Using a simple flawed Presidential election survey as an example, errors in the survey are then explained through the twin lenses of bias and variance: selecting survey participants from a phonebook is a source of bias; a small sample size is a source of variance; minimizing total model error relies on the balancing of bias and variance errors.

Fortmann-Roe then goes on to discuss these issues as they relate to a single algorithm: k-Nearest Neighbor. He then provides some key issues to think about when managing bias and variance, including re-sampling techniques, asymptotic properties of algorithms and their effect on bias and variance errors, and fighting one's assumptions vis-a-vis both data and its modeling.

The essay ends contending that, at their heart, these 2 concepts are tightly linked to both over- and under-fitting. In my opinion, here is the most important point:

As more and more parameters are added to a model, the complexity of the model rises and variance becomes our primary concern while bias steadily falls. For example, as more polynomial terms are added to a linear regression, the greater the resulting model's complexity will be.

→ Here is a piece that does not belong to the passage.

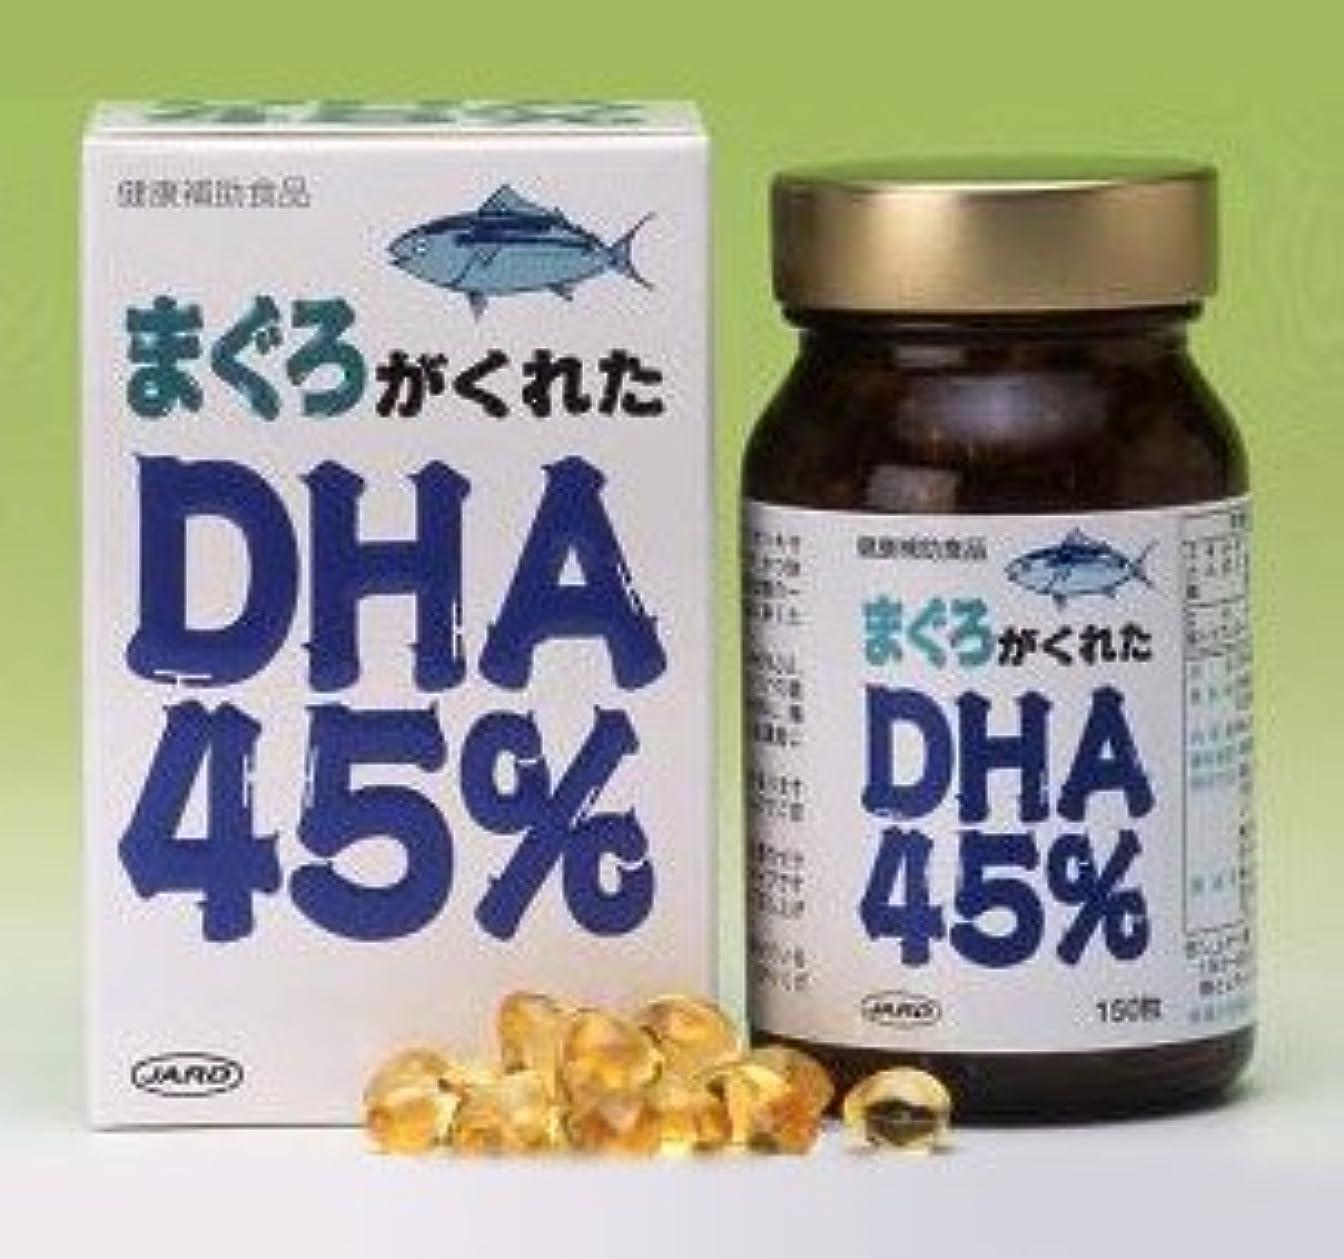 憂鬱な鑑定パウダーまぐろがくれたDHA45%(単品)ジャード

In other words, bias has a negative first-order derivative in response to model complexity while variance has a positive slope.

Bias variance total error
Fig. 2: Bias and variance contributing to total error
From Understanding the Bias-Variance Tradeoff, by Scott Fortmann-Roe.

Fortmann-Roe ends the section on over- and under-fitting by pointing to another of his great essays (Accurately Measuring Model Prediction Error), and then moving on to the highly-agreeable recommendation that "resampling based measures such as cross-validation should be preferred over theoretical measures such as Aikake's Information Criteria."

Fig. 3: 5-Fold cross-validation data split
From Accurately Measuring Model Prediction Error, by Scott Fortmann-Roe.

Of course, with cross-validation, the number of folds to use (k-fold cross-validation, right?), the value of k is an important decision. The lower the value, the higher the bias in the error estimates and the less variance. Conversely, when k is set equal to the number of instances, the error estimate is then very low in bias but has the possibility of high variance. The bias-variance tradeoff is clearly important to understand for even the most routine of statistical evaluation methods, such as k-fold cross-validation.

Unfortunately, cross-validation also seems, at times, to have lost its allure in the modern age of data science, but that is a discussion for another time.

I recommend reading Scott Fortmann-Roe's entire bias-variance tradeoff essay, as well as his piece on measuring model prediction error.